*DATA PROVIDED*:
________________________________________
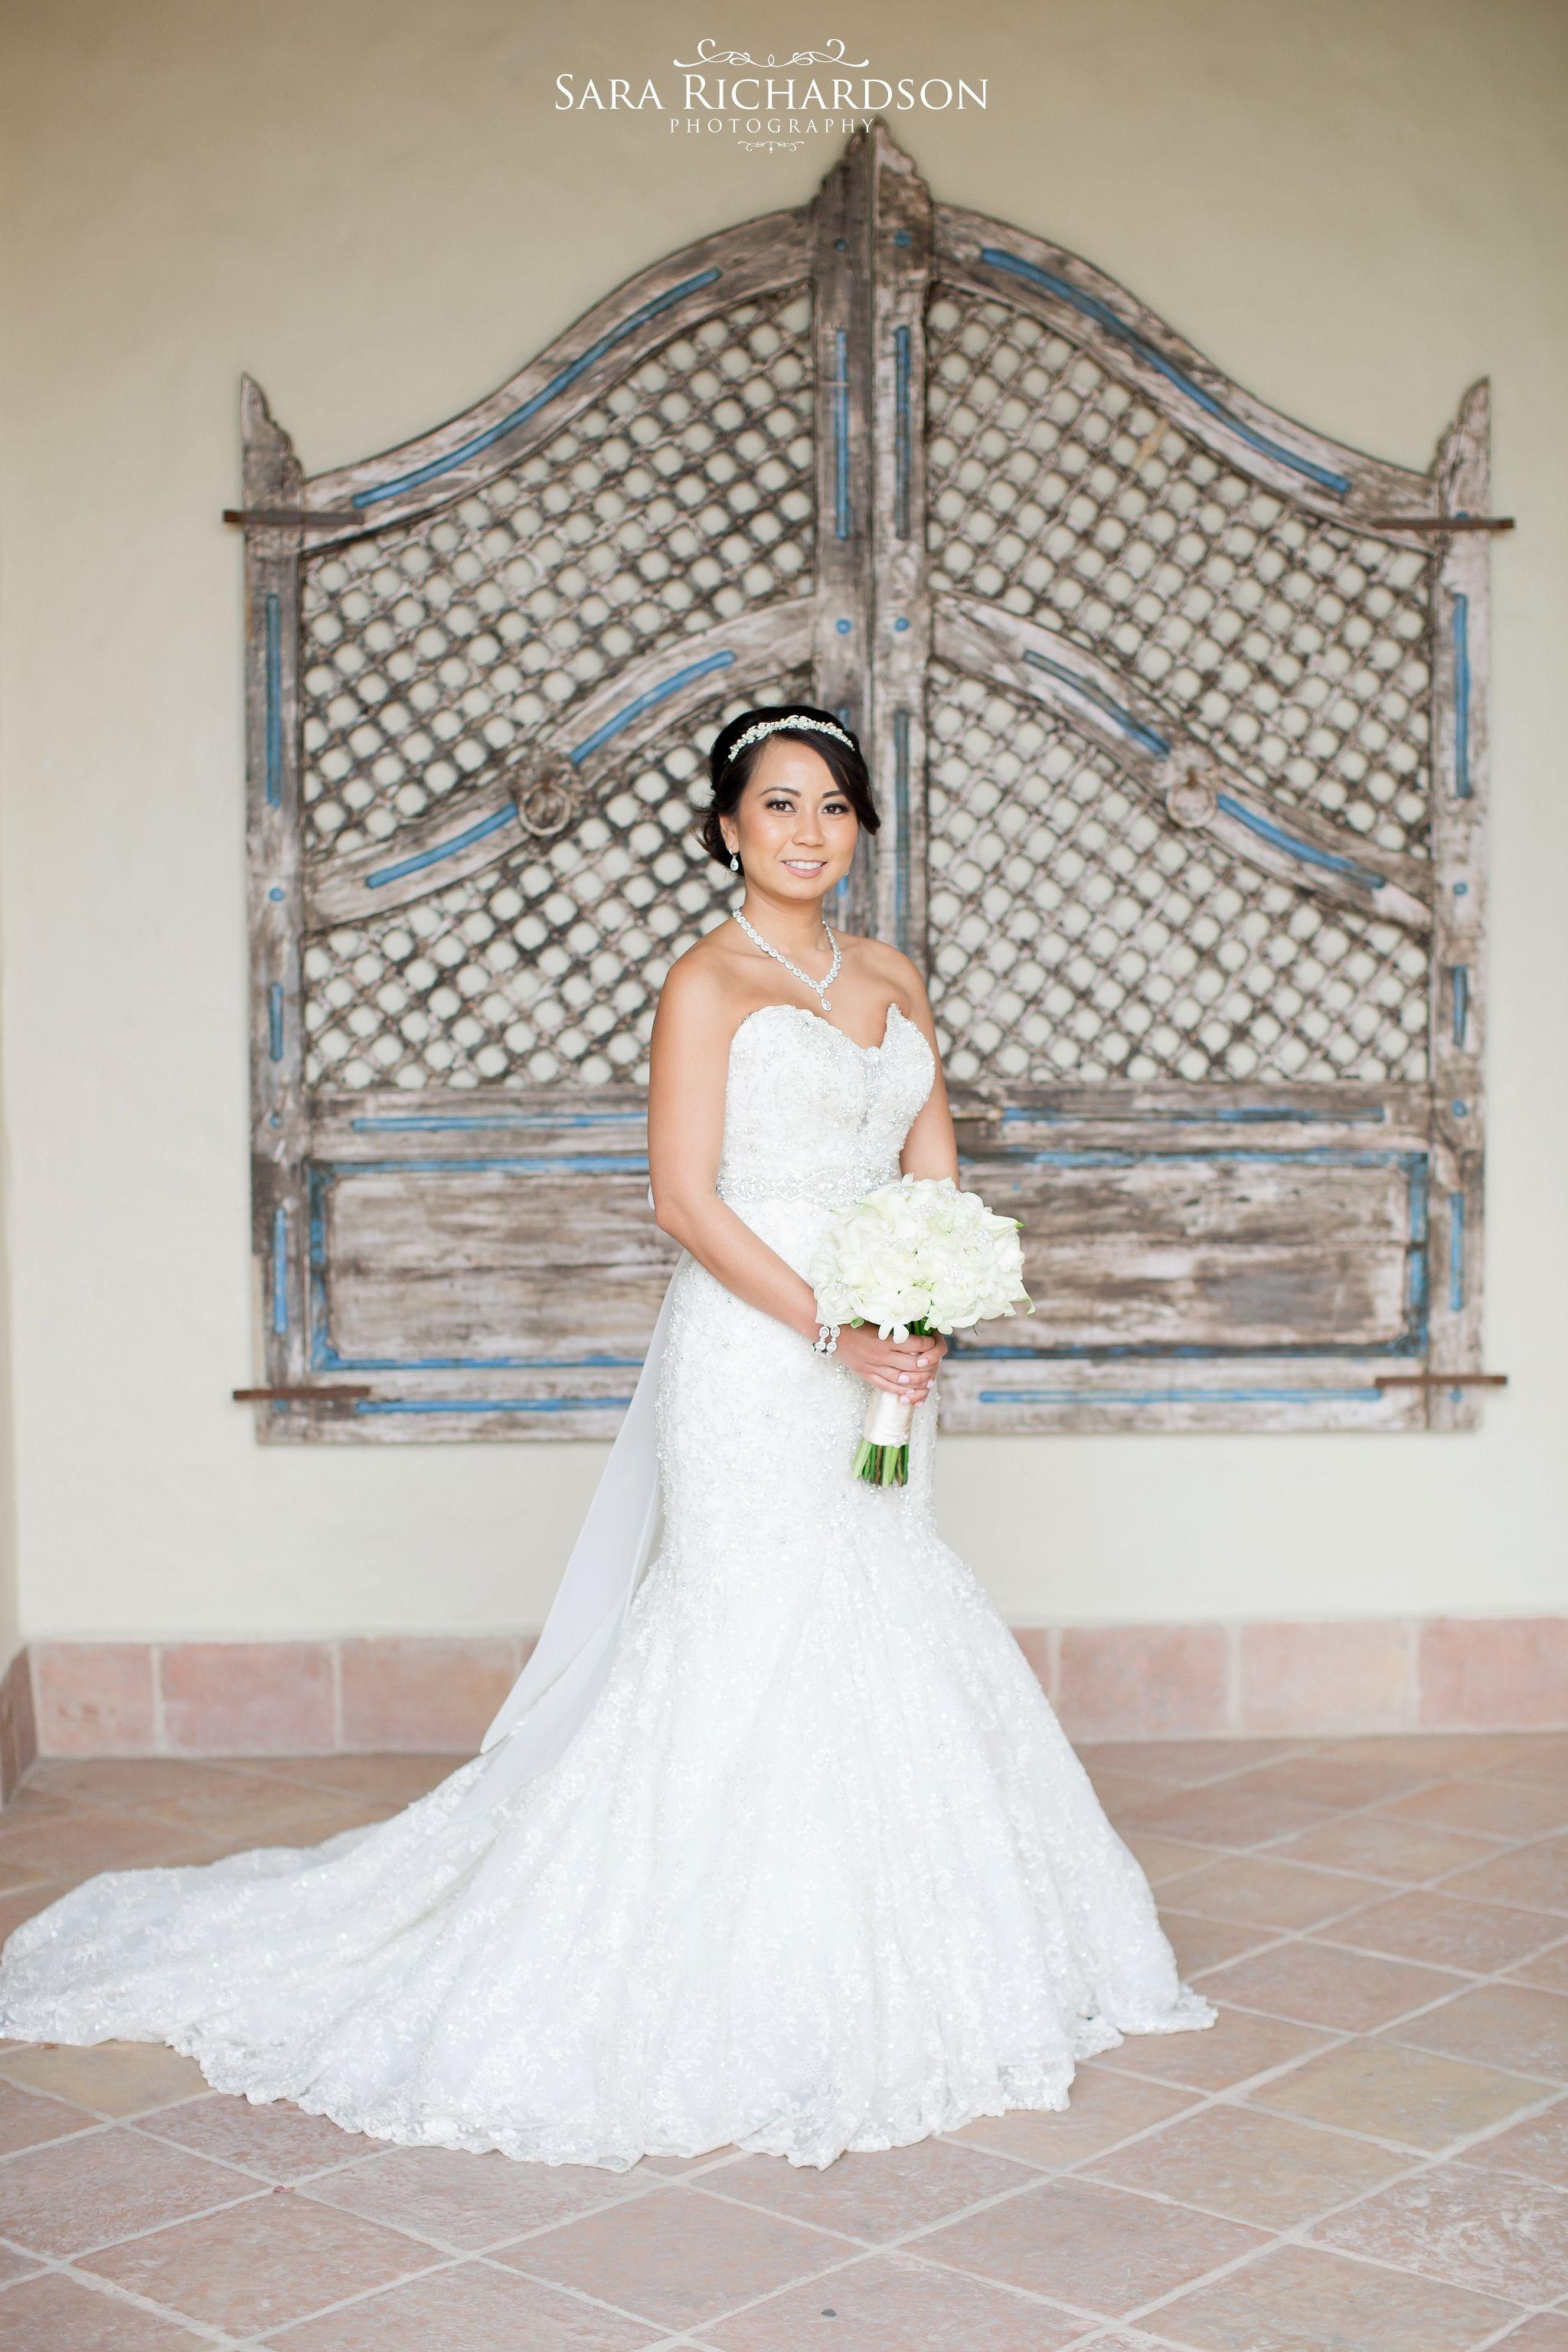 Wedding Venue in Cabo San Lucas Hacienda Cocina & Cantina
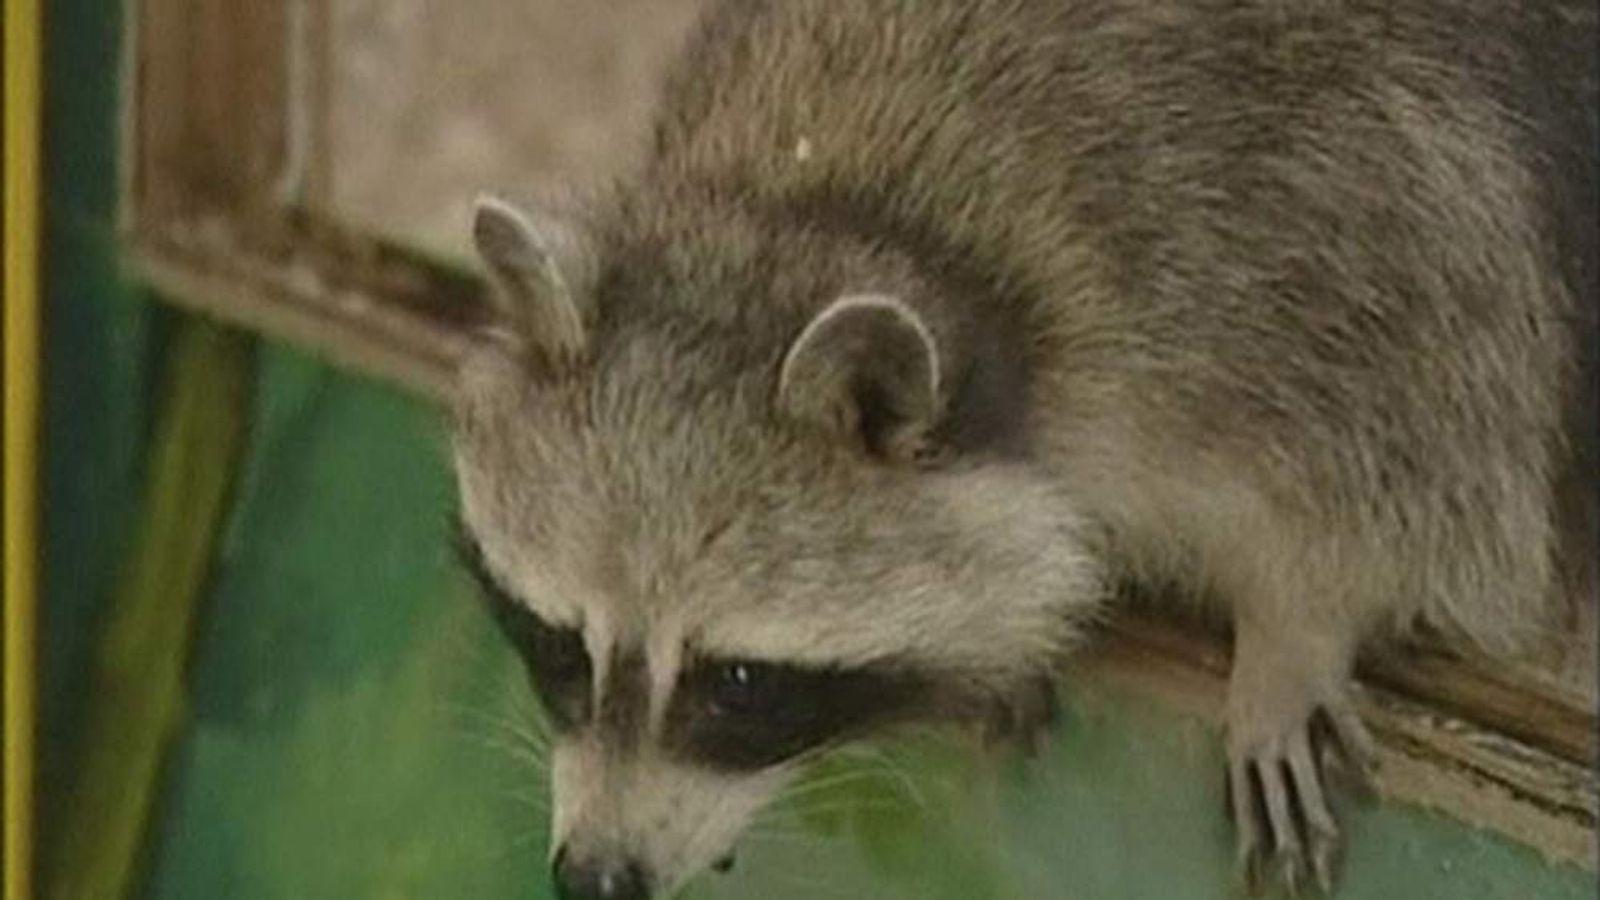 Jemma The Raccoon
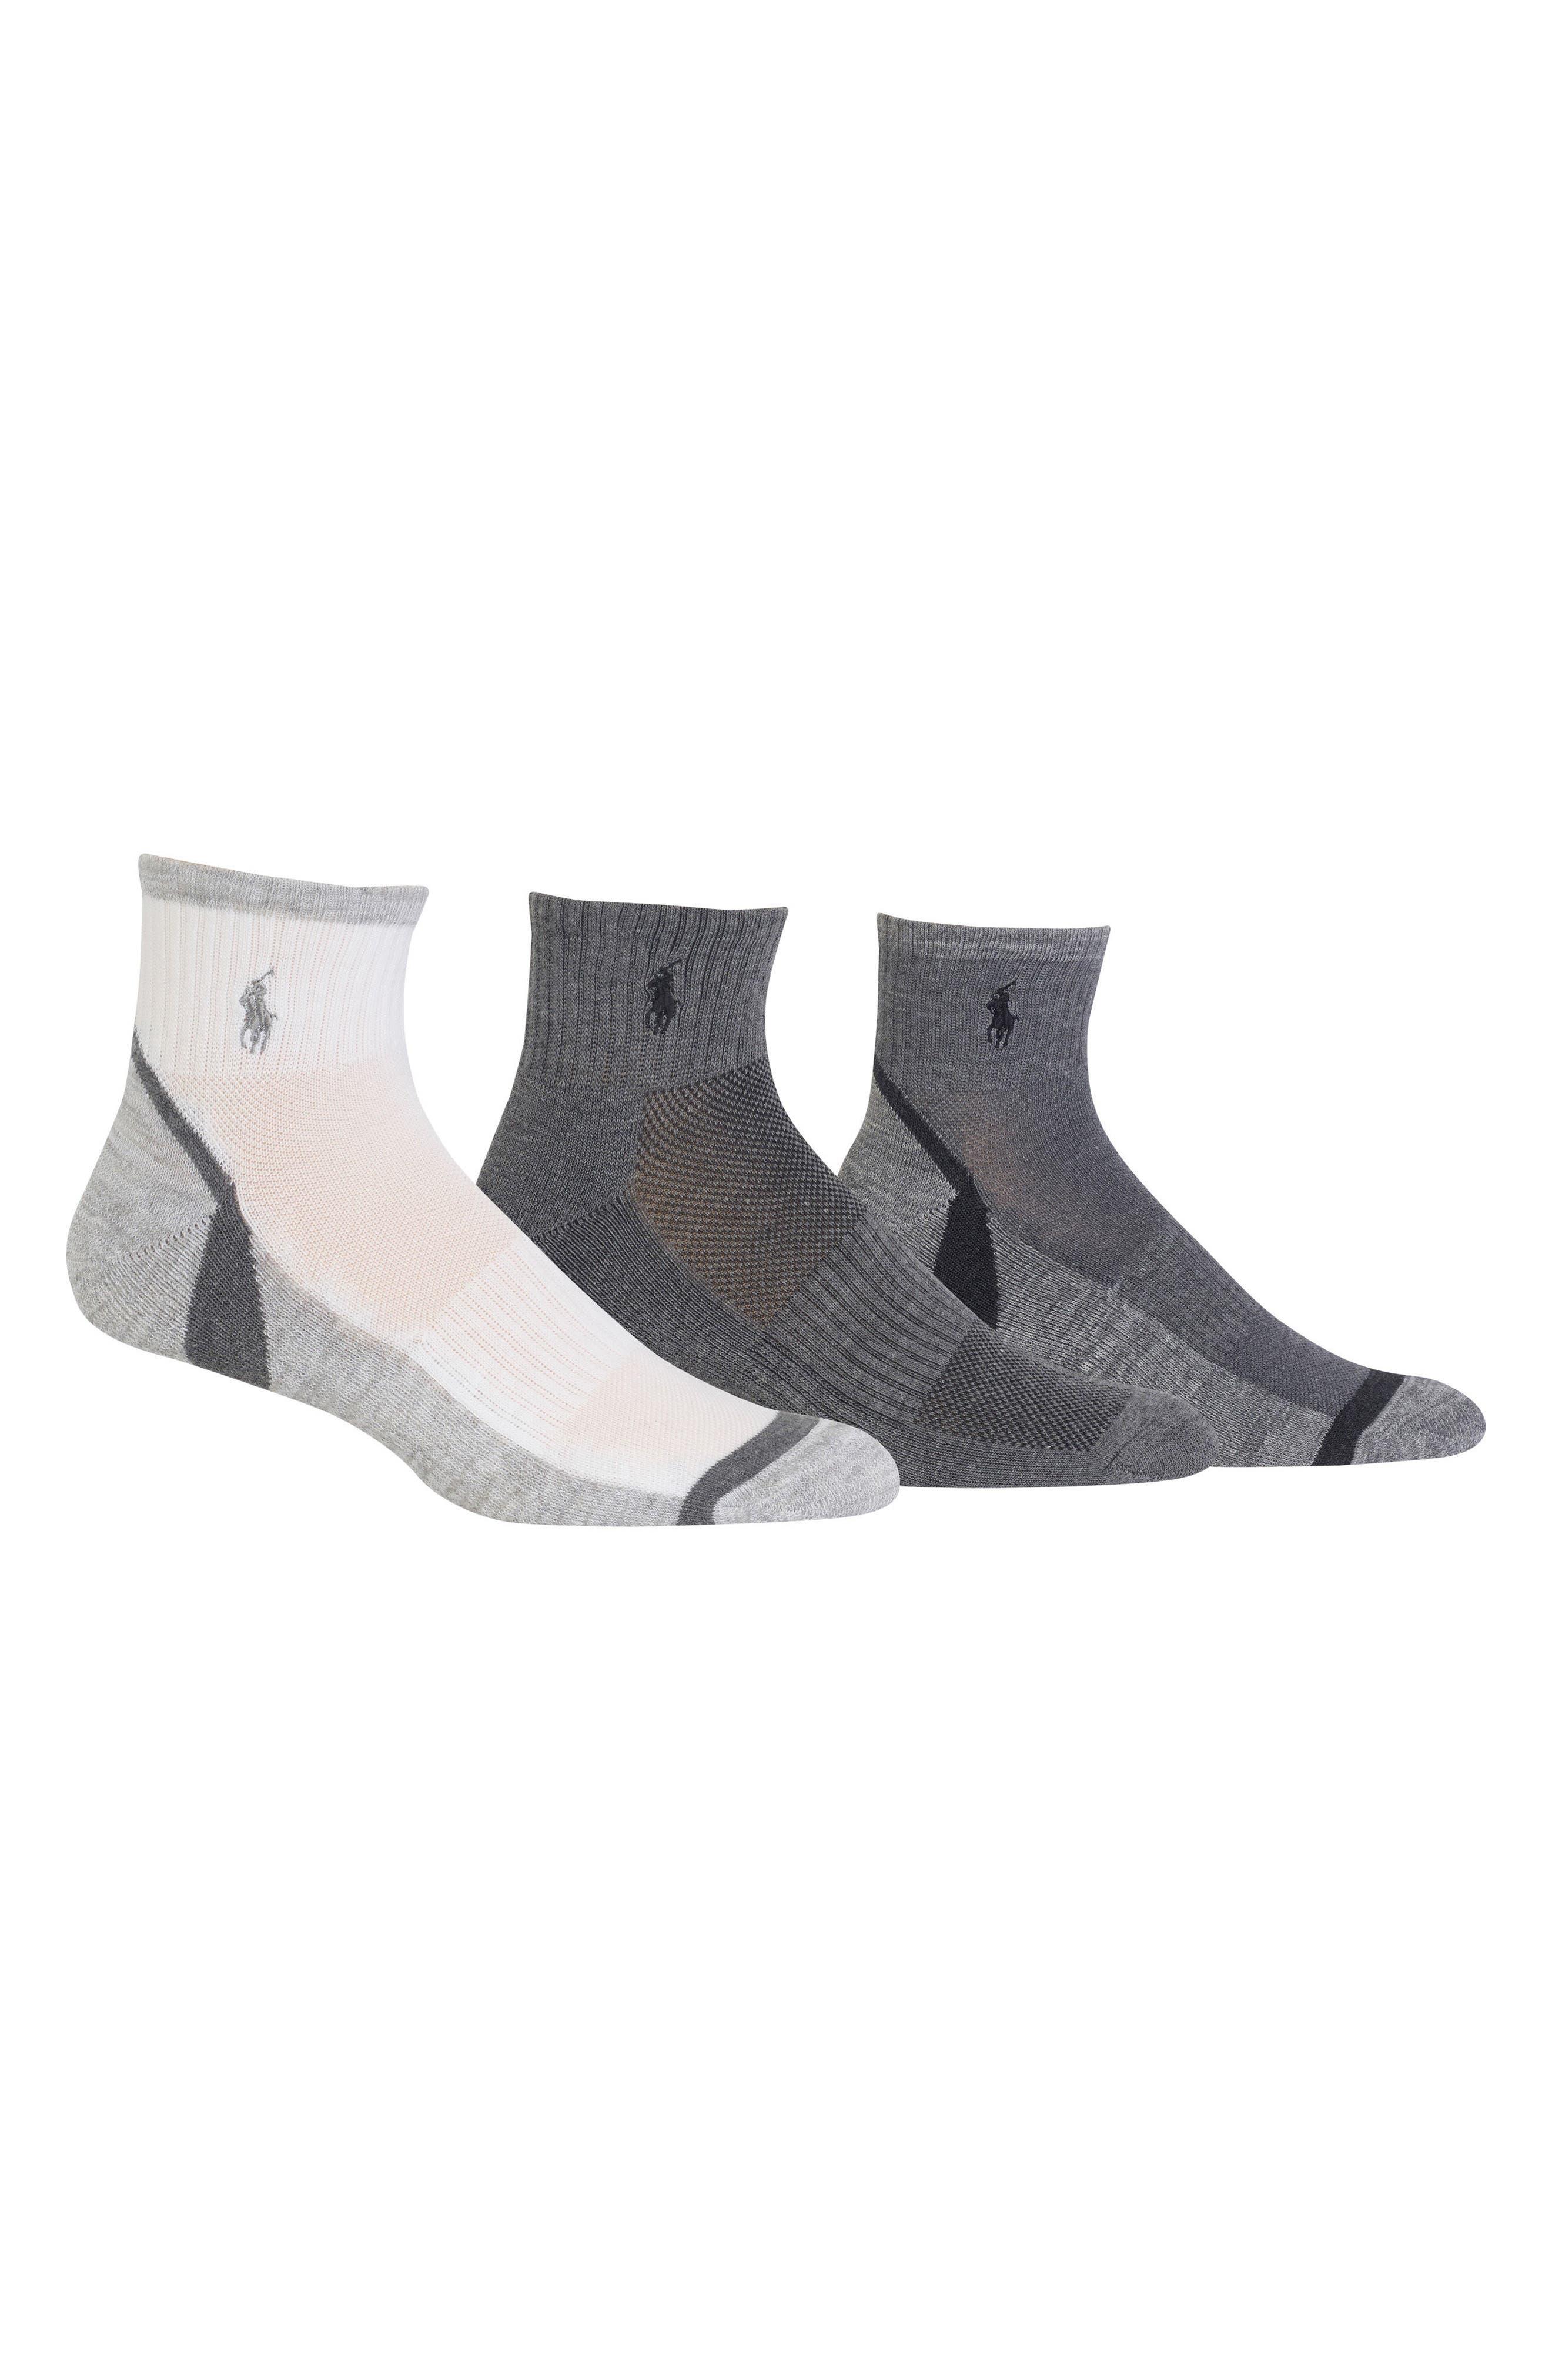 3-Pack Athletic Socks,                         Main,                         color,
________________________________________
*ASSIGNED TASK*: Every line of the material above must be written out exactly, with no pictures.

*TASK OUTPUT*:
 Wedding Venue in Cabo San Lucas Hacienda Cocina & Cantina
 Jemma The Raccoon
 3-Pack Athletic Socks,                         Main,                         color,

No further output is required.